# Work request
The lines to reproduce from the material below are those from the one containing "Temey (dettaglio copertina)" through the one containing "Mute swan preparing", both included; write them out exactly and add nothing.

# Excerpted data

* * *

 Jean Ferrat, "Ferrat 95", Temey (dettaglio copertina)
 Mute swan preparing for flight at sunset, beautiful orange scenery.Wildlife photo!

* * *

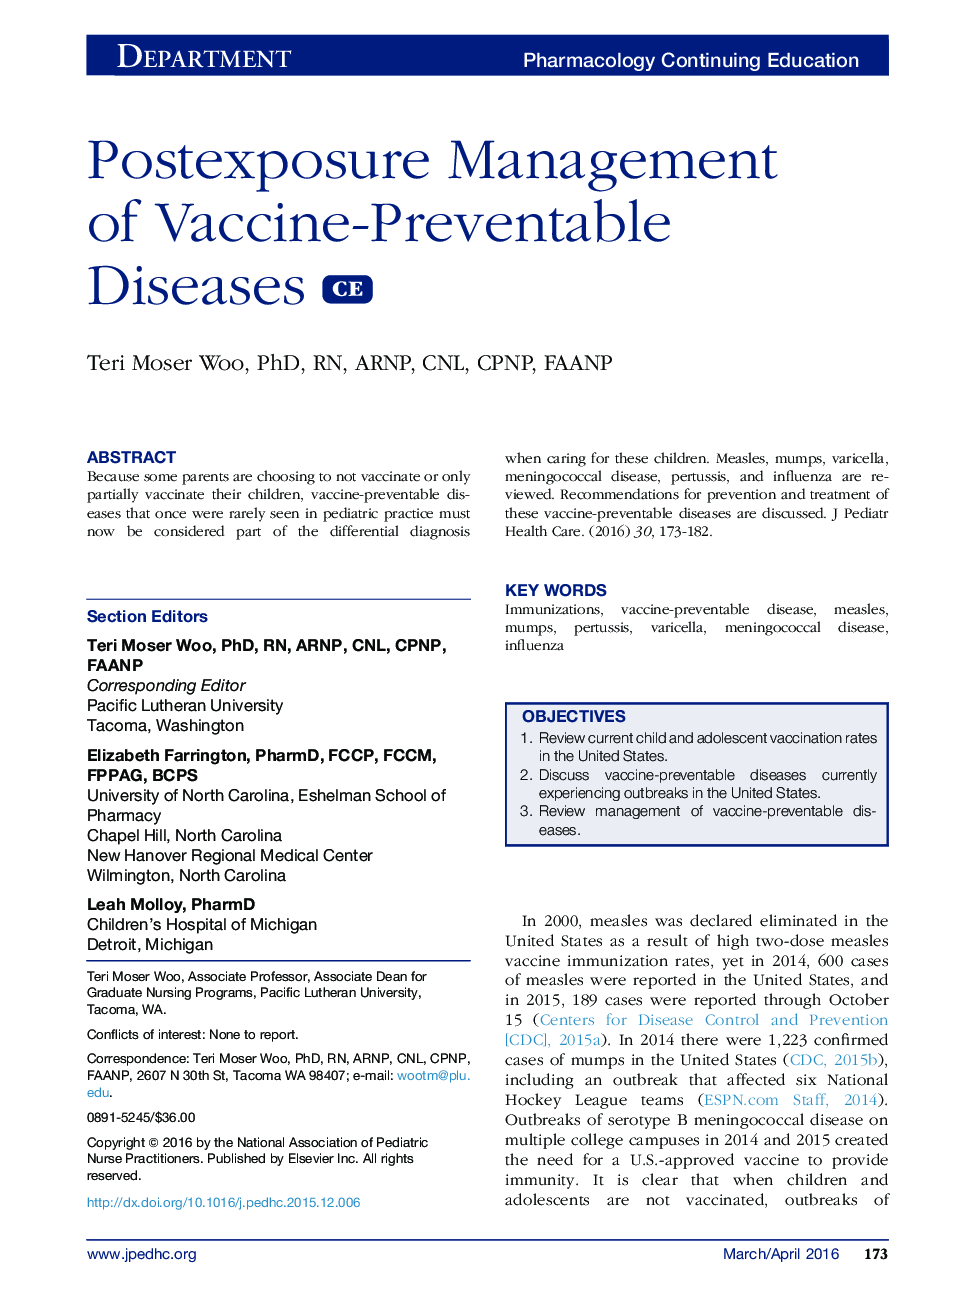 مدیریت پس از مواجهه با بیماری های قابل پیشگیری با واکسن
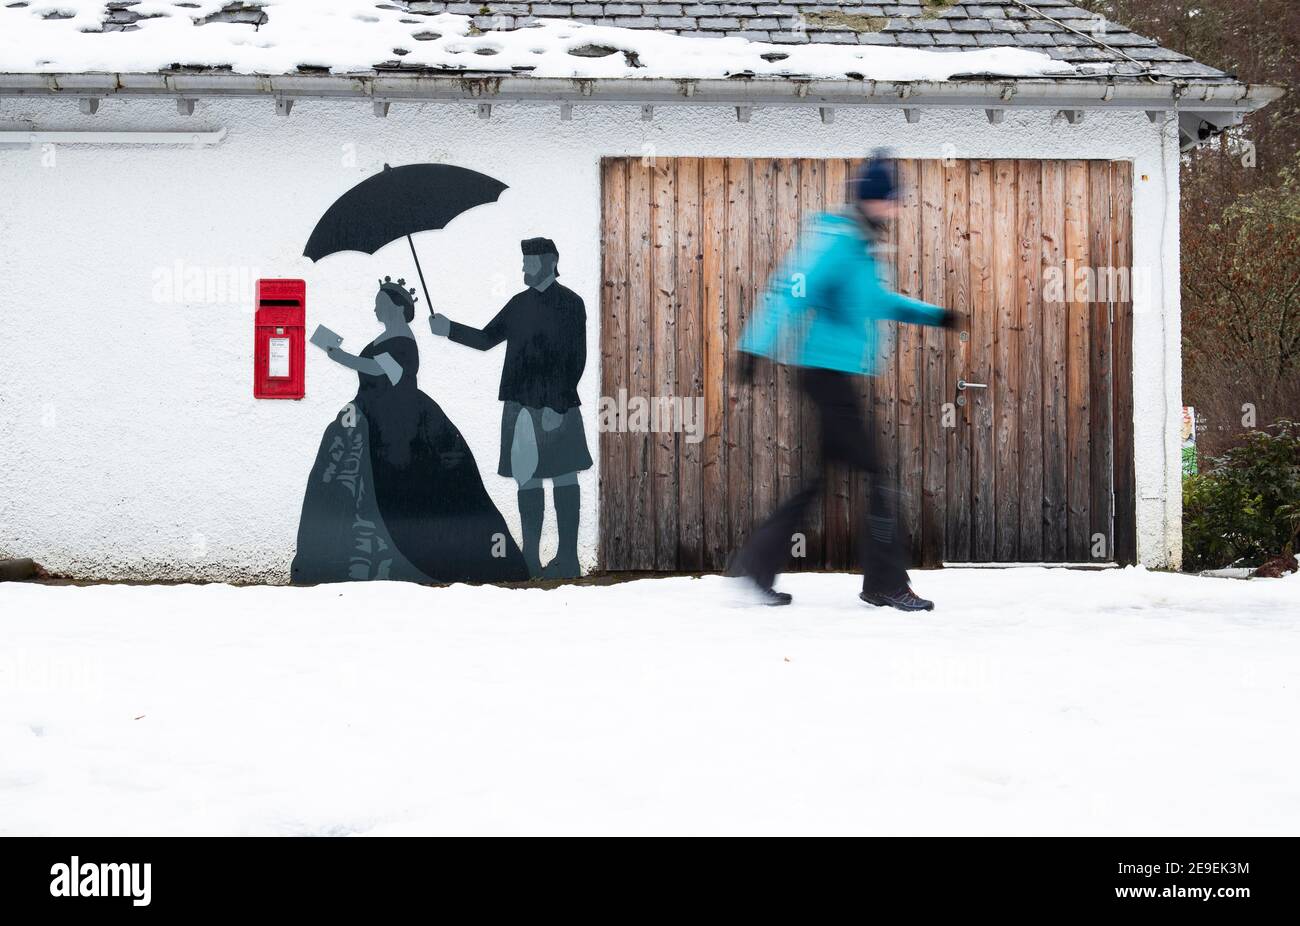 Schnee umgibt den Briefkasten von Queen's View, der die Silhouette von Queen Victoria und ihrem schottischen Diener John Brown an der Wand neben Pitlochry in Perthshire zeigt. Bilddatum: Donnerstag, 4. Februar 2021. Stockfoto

* * *

# Expected answer
 Jean Ferrat, "Ferrat 95", Temey (dettaglio copertina)
 Mute swan preparing for flight at sunset, beautiful orange scenery.Wildlife photo!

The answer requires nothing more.